WORK ORDER —
Look over the material for the string "Black". Copy every line where it turns up.

DATA UNDER STUDY —
• • • •
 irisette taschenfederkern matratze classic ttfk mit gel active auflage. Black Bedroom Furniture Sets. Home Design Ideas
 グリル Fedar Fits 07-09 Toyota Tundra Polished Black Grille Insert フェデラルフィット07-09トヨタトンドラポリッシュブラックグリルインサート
• • • •
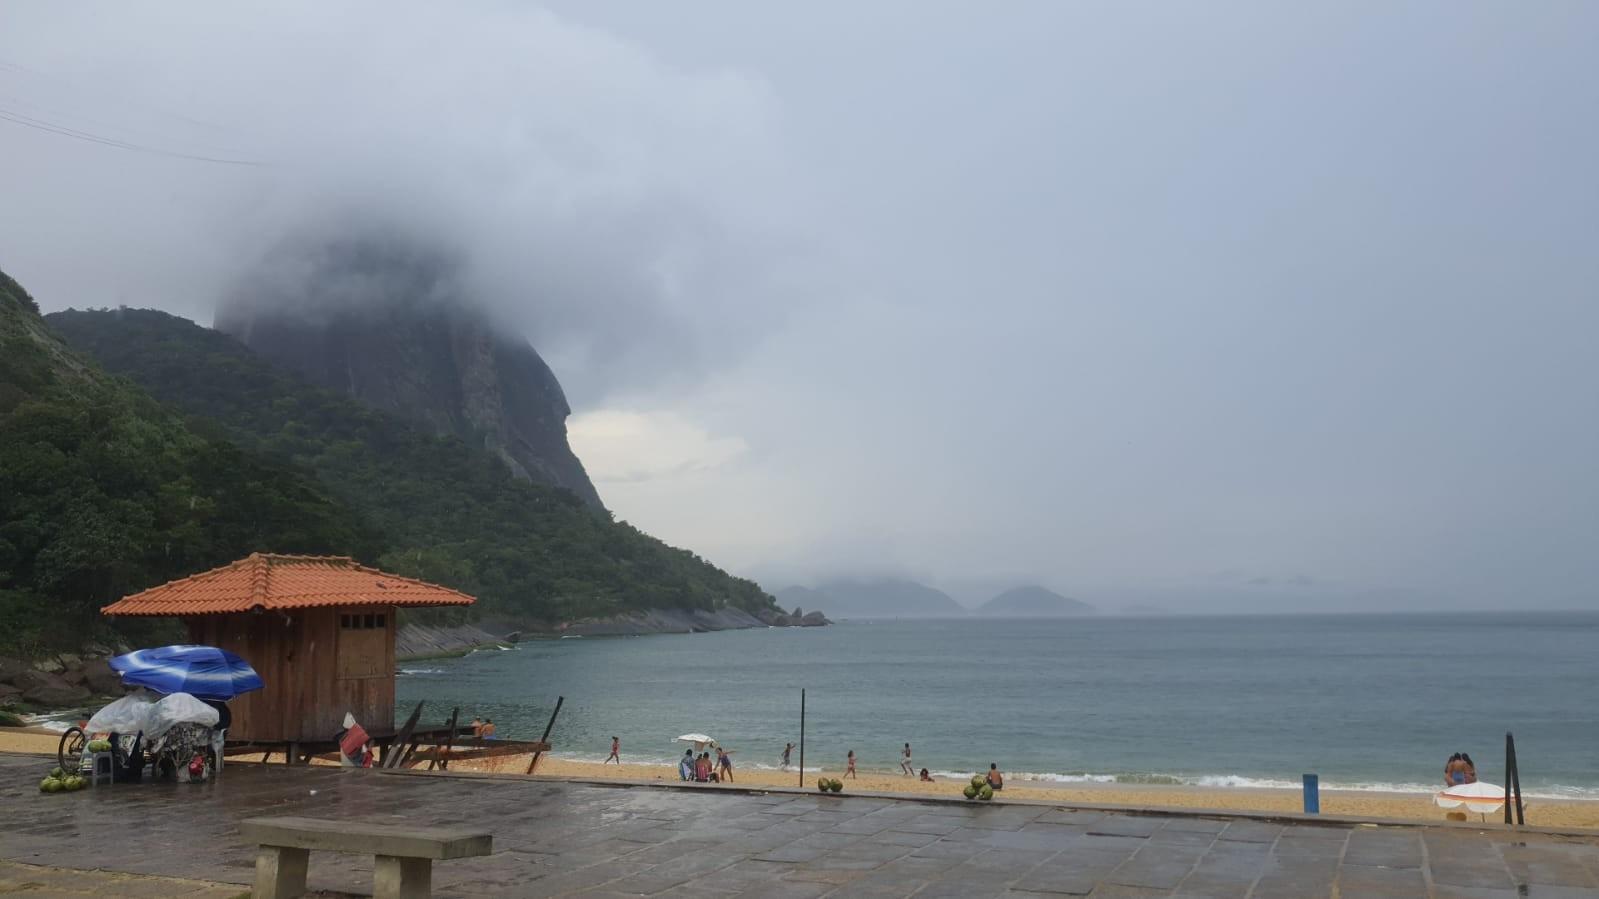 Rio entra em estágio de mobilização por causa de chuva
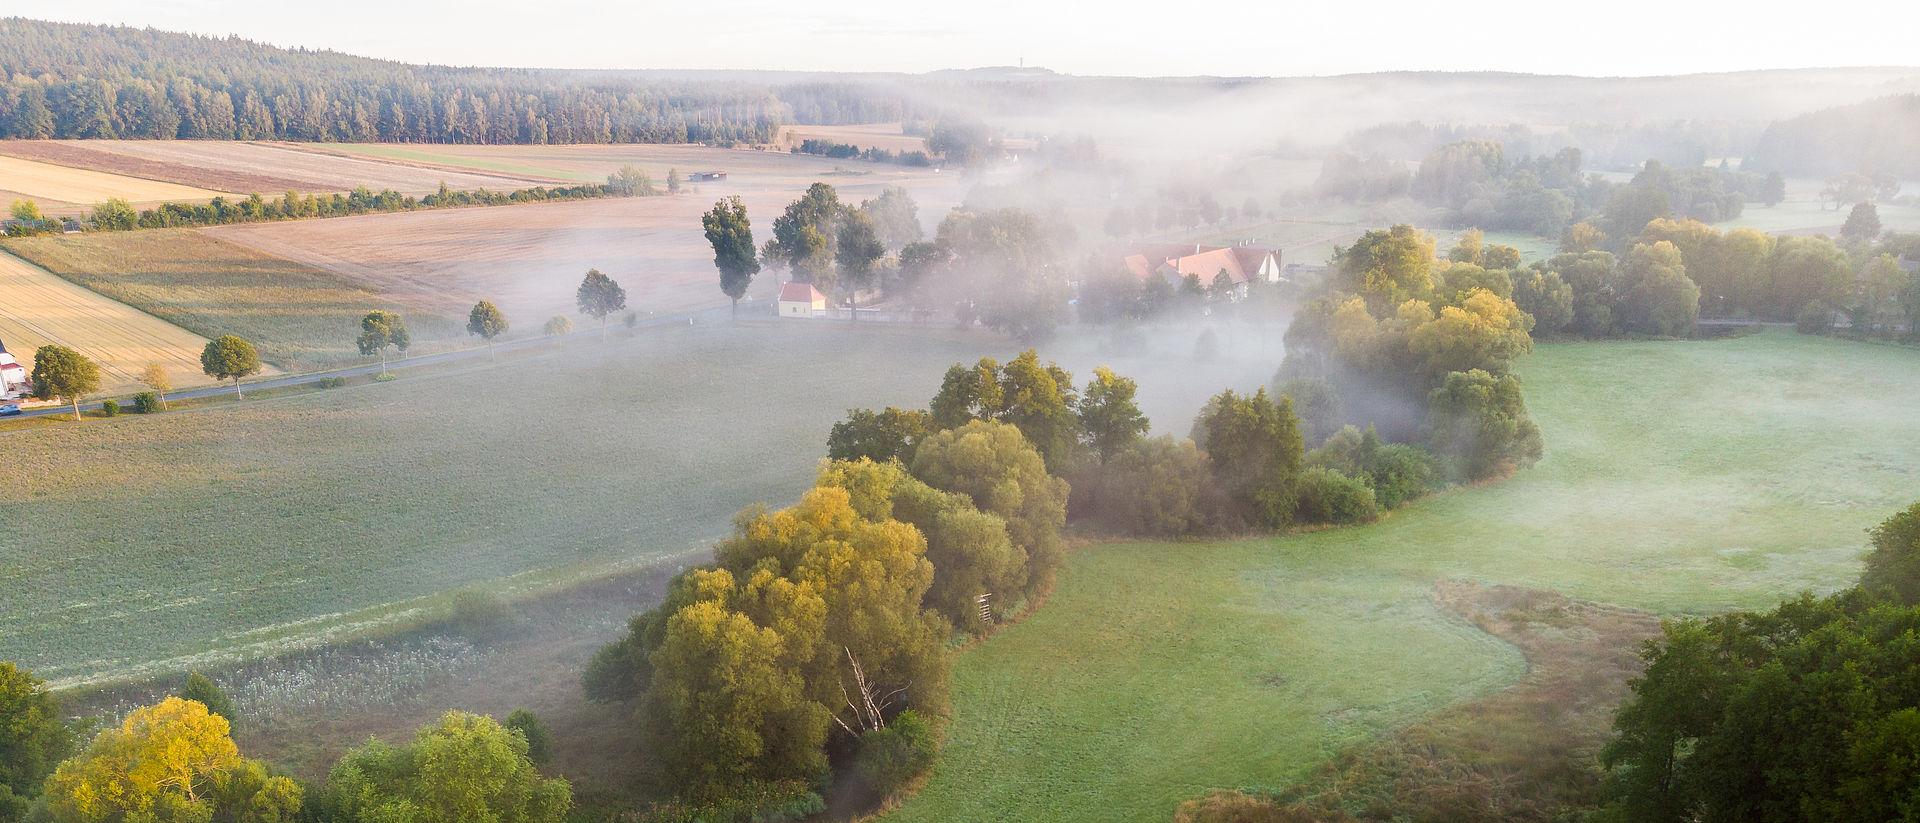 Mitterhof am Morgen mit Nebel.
• • • •
EXPECTED ANSWER —
 irisette taschenfederkern matratze classic ttfk mit gel active auflage. Black Bedroom Furniture Sets. Home Design Ideas
 グリル Fedar Fits 07-09 Toyota Tundra Polished Black Grille Insert フェデラルフィット07-09トヨタトンドラポリッシュブラックグリルインサート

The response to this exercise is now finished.